Performance Optimization Exercises Using TPC-H – Q7
Ⅰ SQL code and analysis
Below is the SQL query statement:
select
supp_nation,
cust_nation,
l_year,
sum(volume) as revenue
from
(
select
n1.n_name as supp_nation,
n2.n_name as cust_nation,
extract(year from l_shipdate) as l_year,
l_extendedprice * (1 - l_discount) as volume
from
supplier,
lineitem,
orders,
customer,
nation n1,
nation n2
where
s_suppkey = l_suppkey
and o_orderkey = l_orderkey
and c_custkey = o_custkey
and s_nationkey = n1.n_nationkey
and c_nationkey = n2.n_nationkey
and (
(n1.n_name = 'CHINA' and n2.n_name = 'RUSSIA')

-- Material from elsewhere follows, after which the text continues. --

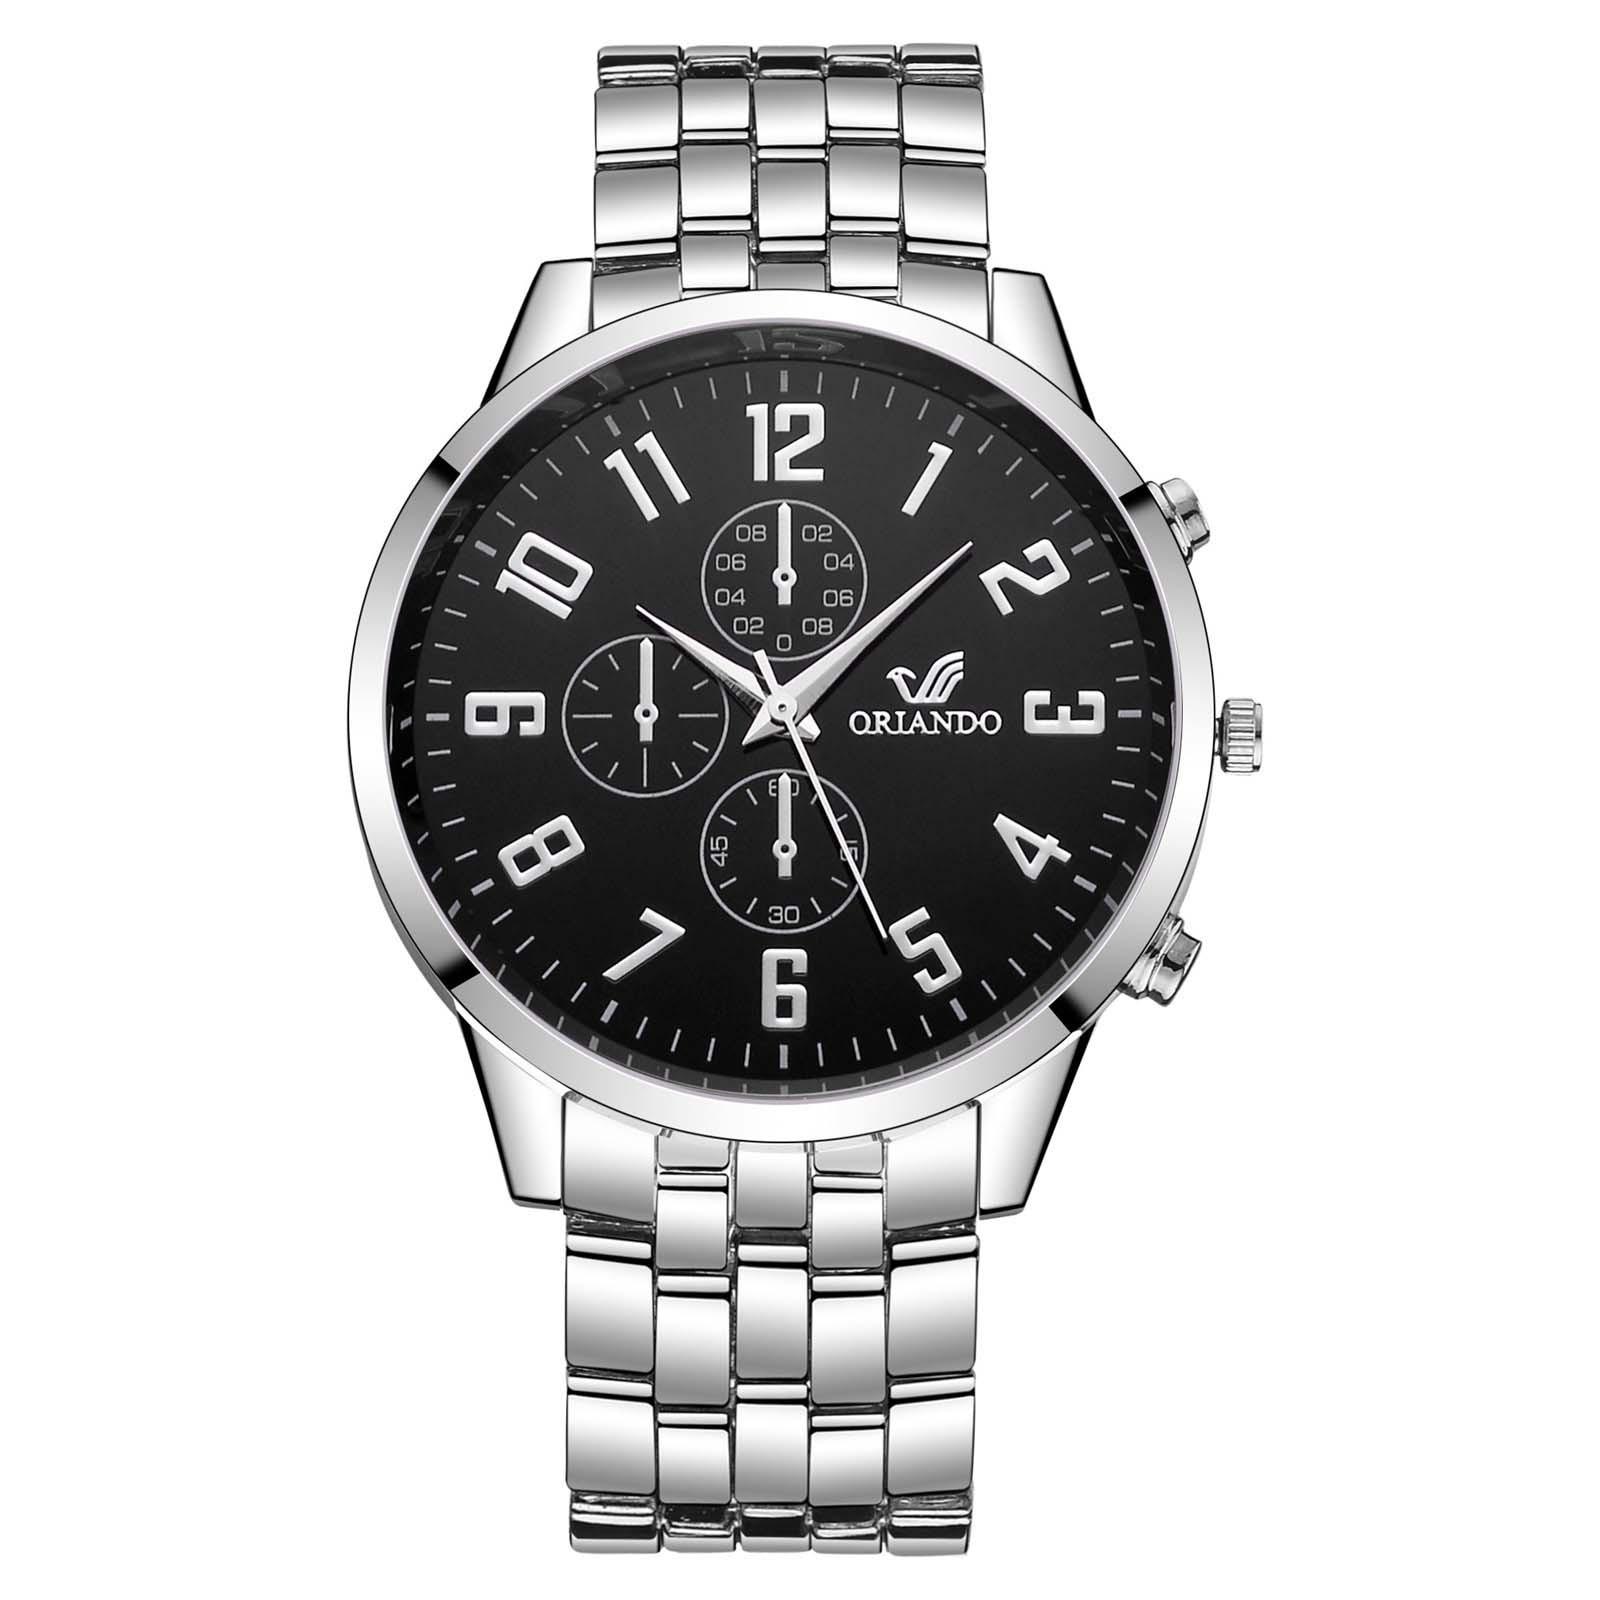 גברים של שעוני יד שעון אופנה שעון שעון מזדמן נירוסטה שמלת יד קריסטל תכשיטי relogio masculino zegarek męski

or (n1.n_name = 'RUSSIA' and n2.n_name = 'CHINA')
)
and l_shipdate between date '1995-01-01' and date '1996-12-31'
) shipping
group by
supp_nation,
cust_nation,
l_year
order by
supp_nation,
cust_nation,
l_year;
This is a grouping & aggregation operation on the filtered result set of multi-table association that contains a primary-sub table association between orders table and lineitem table.
Ⅱ SPL solution
The working principle is similar to that in Q5.
A |
|
1 |
=now() |
2 |
1995-01-01 |
3 |
1996-12-31 |
4 |
>name1="CHINA" |
5 |
>name2="RUSSIA" |
6 |
=file("nation.btx").import@b().keys@i(N_NATIONKEY) |
7 |
>n1=A6.select@1(N_NAME==name1).N_NATIONKEY |
8 |
>n2=A6.select@1(N_NAME==name2).N_NATIONKEY |
9 |
=file("supplier.ctx").open().cursor@m(S_SUPPKEY,S_NATIONKEY;S_NATIONKEY==n1 || S_NATIONKEY==n2).fetch().keys@im(S_SUPPKEY) |
10 |
=file("customer.ctx").open().cursor@m(C_CUSTKEY,C_NATIONKEY;C_NATIONKEY==n1 || C_NATIONKEY==n2).fetch().keys@im(C_CUSTKEY) |
11 |
=file("orders.ctx").open().cursor@m(O_ORDERKEY,O_CUSTKEY;O_CUSTKEY:A10) |
12 |
=file("lineitem.ctx").open().news(A11,L_SUPPKEY,L_EXTENDEDPRICE,L_DISCOUNT,L_SHIPDATE,O_CUSTKEY;L_SHIPDATE>=A2 && L_SHIPDATE <=A3,L_SUPPKEY:A9) |
13 |
=A12.select(O_CUSTKEY.C_NATIONKEY!=L_SUPPKEY.S_NATIONKEY) |
14 |
=A13.groups(L_SUPPKEY.S_NATIONKEY:supp_nation,O_CUSTKEY.C_NATIONKEY:cust_nation,year(L_SHIPDATE):l_year; sum(L_EXTENDEDPRICE*(1-L_DISCOUNT)): volume) |
15 |
=A14.run(supp_nation=A6.find(supp_nation).N_NAME,cust_nation=A6.find(cust_nation).N_NAME) |
16 |
=interval@ms(A1,now()) |
Note that A6’s nation table data is used respectively in A7 and A8 for performing filtering according to foreign key matching. This is different from SQL alias syntax.
Ⅲ Further optimization
1. Optimization method
In this example, we will use the date-integer conversion optimization method explained in Q1, where lineitem table’s L_SHIPDATE is already converted, and the dimension table primary key numberization –nation table’s N_NATIONKEY and N_REGIONKEY fields, supplier table’s S_SUPPKEY and S_NATIONKEY fields, customer table’s C_CUSTKEY field and C_NATIONKEY field, orders table’s O_CUSTKEY, and lineitem table’s L_SUPPKEY field are already converted.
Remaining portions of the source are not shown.